ユタの世界には教団や組合といった組織はありません。

 

よって免許や任命状等が無く、現状誰でも「自分はユタ」と名乗ることが可能になっています。

 

これが原因で金銭を詐取されるという被害が出ており、私にも何度も相談が来ました。

 

ユタの世界には、親神ー子神という師弟関係からなる一門はありますが、親神が亡くなると一門は解散し、子神はそれぞれの道を歩みます。「山下欣一『奄美のシャーマニズム』」

 

この理由は、「自分を指導できるのは自分の神と親神だけである」という自負から、他のユタと徒党を組むことはしないためだと思います。(もちろん単に面倒くさいからという理由も考えられますが)

 

ここにユタの世界が抱える問題が含まれていると思います。

組織がないことで「本物のユタ」が一般の方はわからないことが通常です。姿形は簡単に真似できますし、知識は本なりwikipediaから学べます。

 

こうしてユタマンチャー(ユタまがいの者、偽ユタ)やユタ崩れ(戒めを破り神様に見放されたユタ)に騙され、多額の金銭を詐取されてしまうのです。

 

今後被害者を生まないための何かしらの手立てを考えているのですが、まずは他のユタと緩い連帯をすることから始めています。

 

組織はなくとも情報を共有し、相談者を本物のユタへと繋ぐためです。

 

私どもは専門能力がそれぞれあります。
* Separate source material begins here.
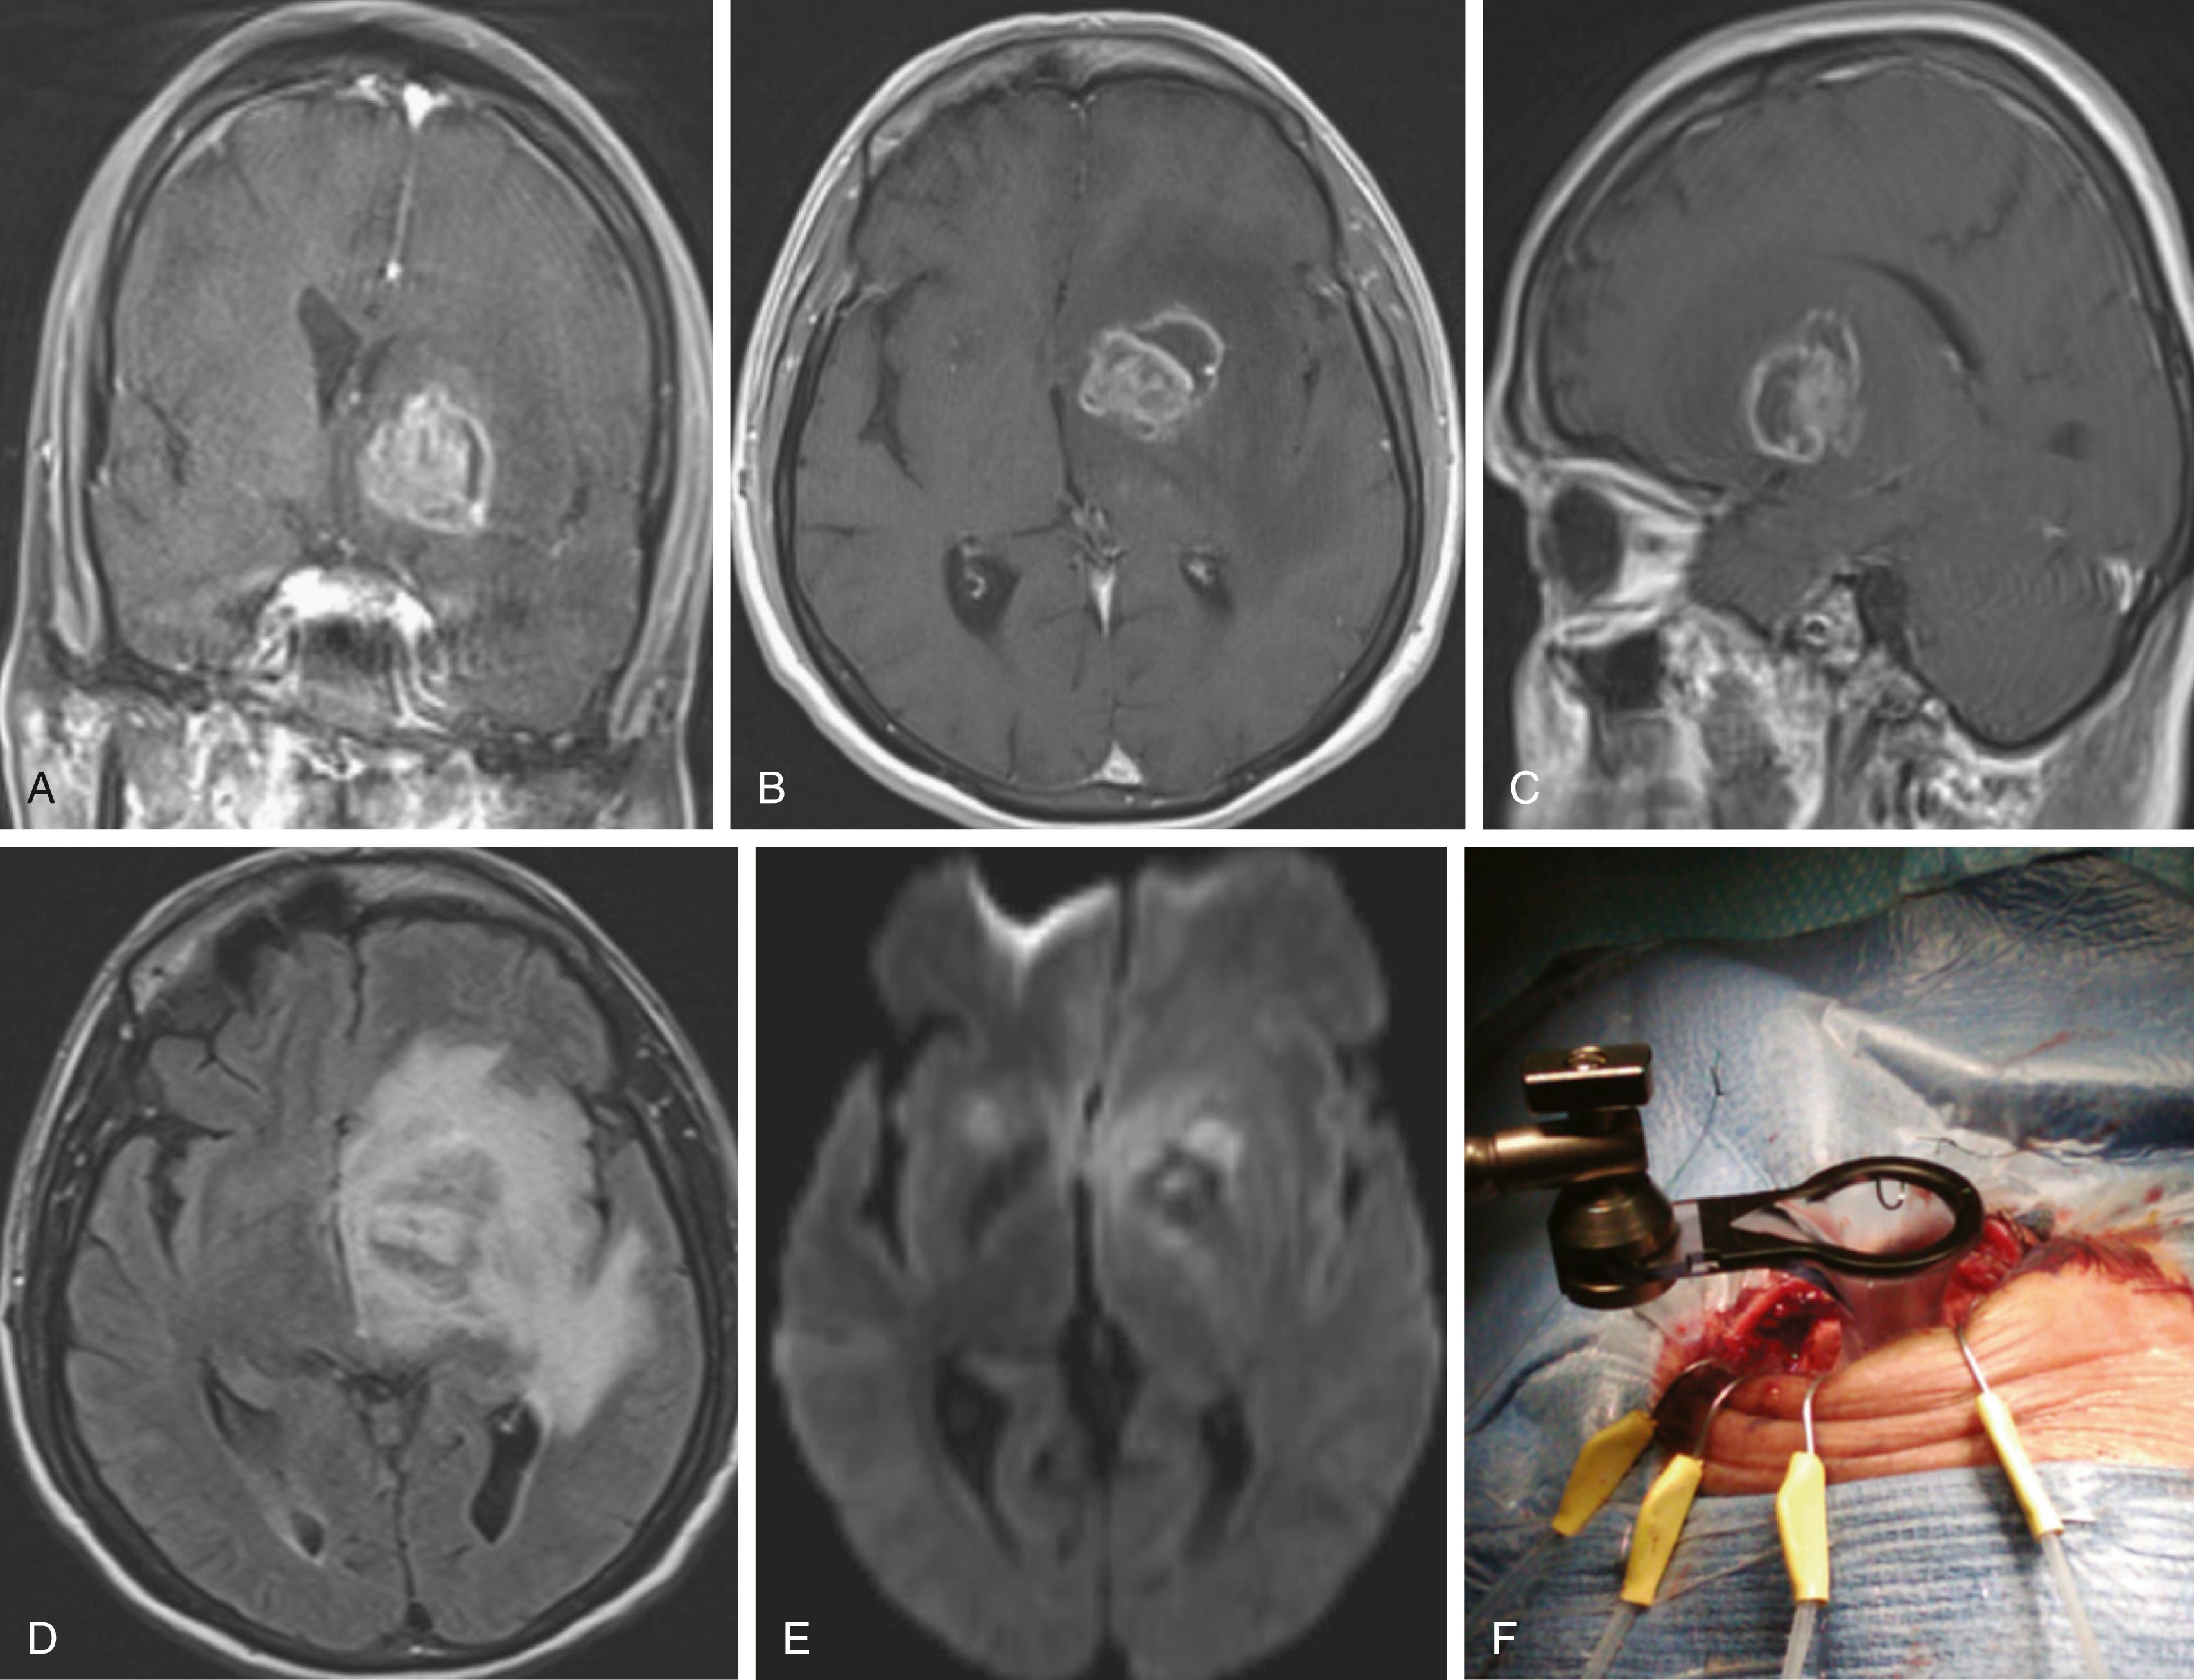 FIGURE 128.3, This 40-year-old man has a history of HIV, a CD4 count of 4, disseminating histoplasmosis, and Pneumocystis carinii pneumonia. He presented with a 2-week history of confusion and speech difficulties consistent with expressive and receptive aphasia. Preoperative MRI coronal (A), axial (B), and sagittal (C) T1-weighted images with contrast revealed an enhancing lesion on the area of the left basal ganglia with edema and mass effect. (D) An axial fluid-attenuated inversion recovery (FLAIR) image revealed mass effect and edema. (E) A diffusion-weighted signal revealed restricted diffusion within irregular areas and parts of the lesion. The patient was taken to the operating room. (F) A left-sided supraorbital craniotomy with frameless surgical navigation was conducted to approach the dominant hemispheric lesion. The cultures revealed toxoplasmic encephalitis, and the patient was treated with an 8-week course of leucovorin, pyrimethamine, and sulfadiazine.

全ての判示ができるわけではありません。

 

そこで自分には対応できない相談を他のユタに繋いでゆけば、相談者は「相談したが自分の悩みとは合わなかった」という事態は避けられます。

 

これを継続すればユタの世界に対する誤解が解け、神の世界が守られ、琉球のシャーマニズムは存続し、より多くの人を助けることができると思うのです。